■ PROBLEM REQUIREMENTS: Copy the final lines exactly, starting at the one that contains "Glühbirne ist E27 bis zu 100 Watt." and ending with the last line of the listing below. Pictures are not part of the copy.

■ RECORD EXCERPTS:

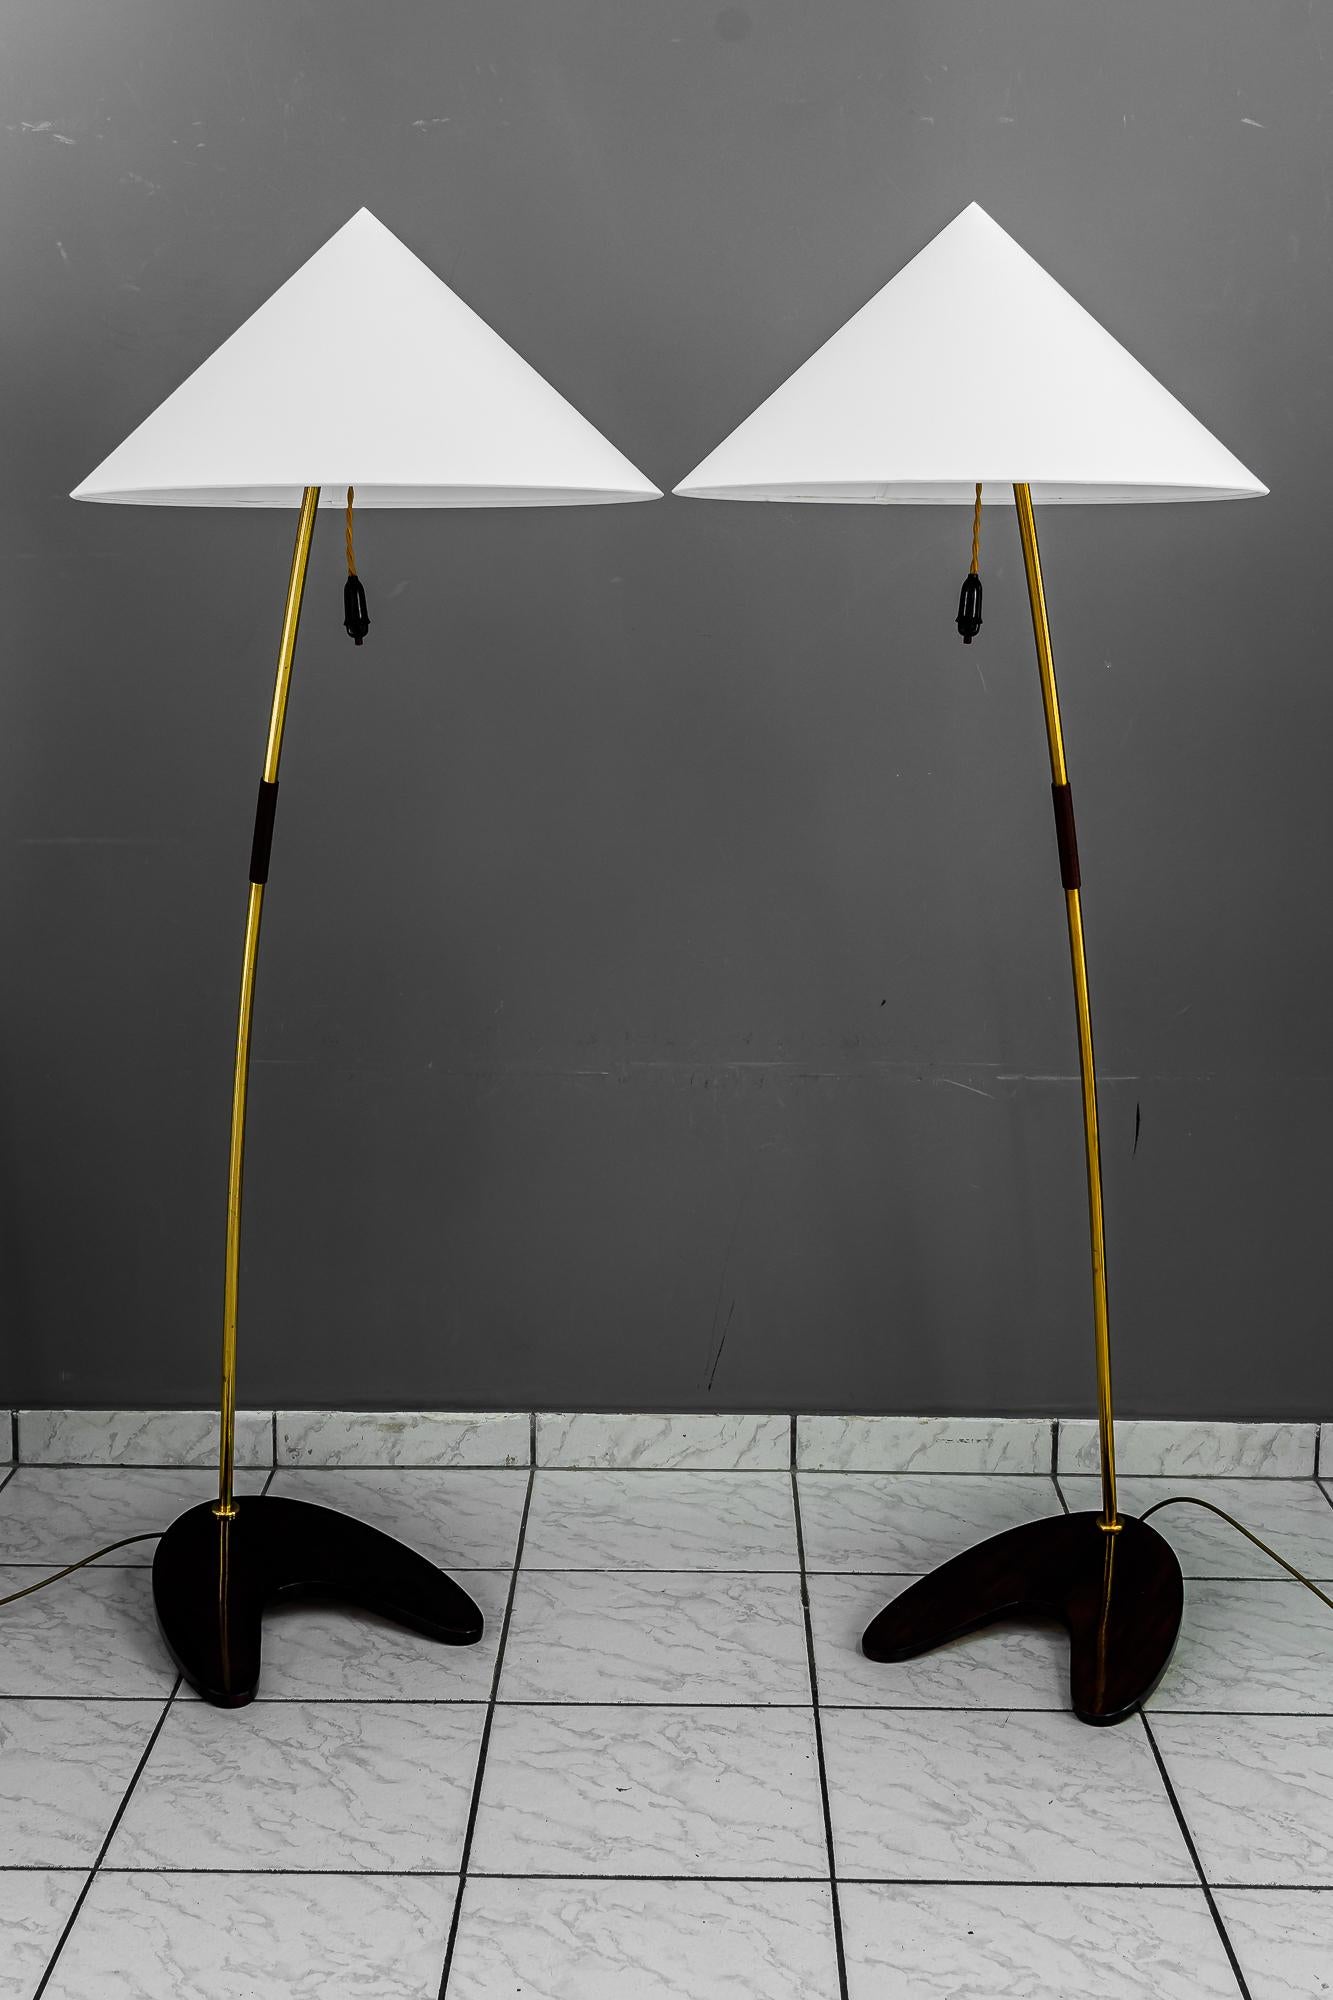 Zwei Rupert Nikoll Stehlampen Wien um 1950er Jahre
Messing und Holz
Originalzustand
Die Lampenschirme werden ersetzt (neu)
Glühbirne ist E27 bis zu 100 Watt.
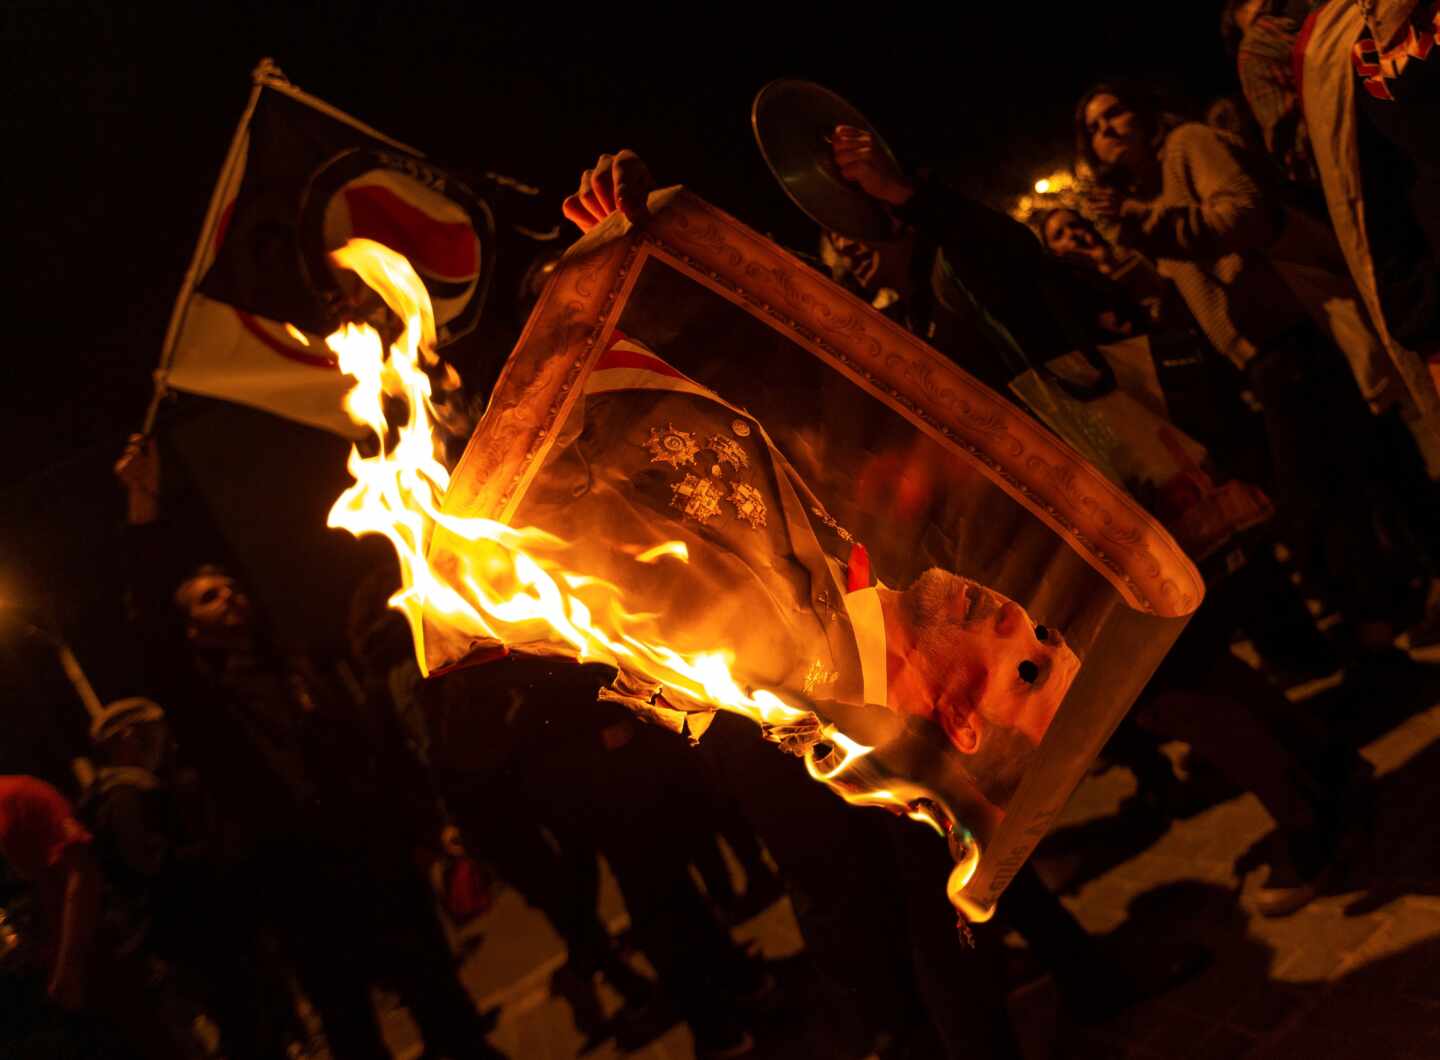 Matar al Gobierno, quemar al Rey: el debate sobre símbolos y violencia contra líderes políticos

■ RESPONSE:
Glühbirne ist E27 bis zu 100 Watt.
 Matar al Gobierno, quemar al Rey: el debate sobre símbolos y violencia contra líderes políticos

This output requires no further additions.